The camera doesnt flatter the track surface much, but it is ALOT better than the last spot.


----------



## Gary (May 21, 2004)

few more


----------



## Gary (May 21, 2004)

Bigmax, you nailed this one down bro! The location is perfect and we have a great foundation to work with. A patch here and there and some sugar water and I belive we have a really good spot to race on!

Man, could yall belive how many people stopped to watch? Motorcycle guy I think was more pumped about these cars than we were! LMAO! What a great guy! His enthusiasm <sp> had me fired up and we need more guys like him in this hobby.

What a great location to promote RC!! And not just Drag Racing. We can run Touring cars there, M18s or whatever!

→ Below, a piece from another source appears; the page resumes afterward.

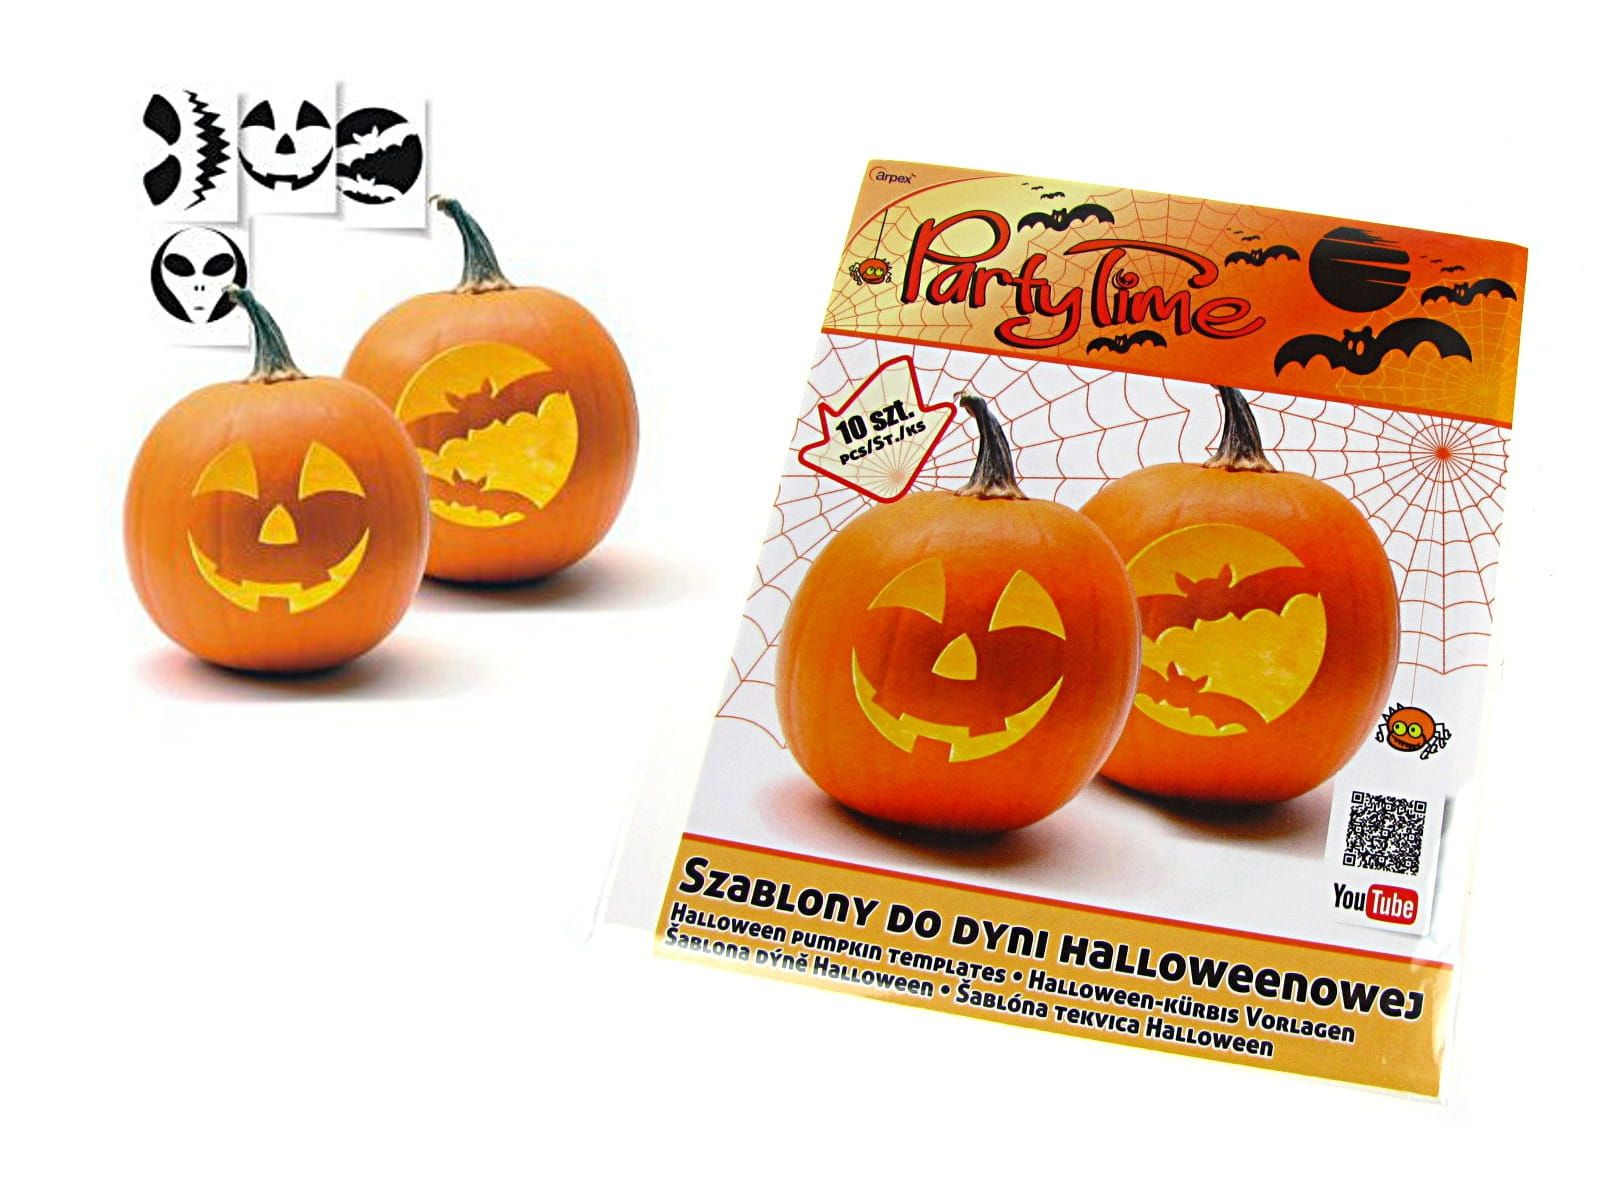 Szablony do dyni Szablony, Dynie, Halloween

We need to talk more about our next steps making ready for Slash and the crew on the 28th! What do yall think?


----------



## AHR43 (Aug 21, 2006)

*Excellent Location for Exposure*

Yea, for me the best part of today was the drop-ins we got. HWY 6 is a high-traffic area. The location works well for promoting RC drag racing as a sport. Many of the passers-by commented that they didn't realize there was RC drag racing. Cool beans. Good job finding HAMDRL a site Biggie!

Track layout runs E-W. Surface is smooth with very little in the way of cracks. Shutdown is O.K.; about the same as Litespeed. We will need the catch net-curbing at the far end. There is some upgrade to the surface. I will go back tomorrow with an analog pitch gauge and provide an angle figure.

Slash, can you spot your timing trailer 90 degrees to the staging area and still start a race? Doing that will gain us valuable shut down length. You'll need generator power for the timing system. There are no 115vac drops nearby.

There were some big rig trailers parked that precluded us selecting the optimal lanes we wanted to use. They were parked in front of and obstructing *NO TRUCK PARKING* signs. Go figure. That's a variable. However, there are three (3) seperate lanes to set up on, so it may be a non-issue.

Fast food locations are on site ensuring adequate race chow and CLEAN restrooms. Shopping for the spouses is close so they won't get bored.

Bottom Line - it's not ideal; but it will work. Like Biff says, "We'll make it work".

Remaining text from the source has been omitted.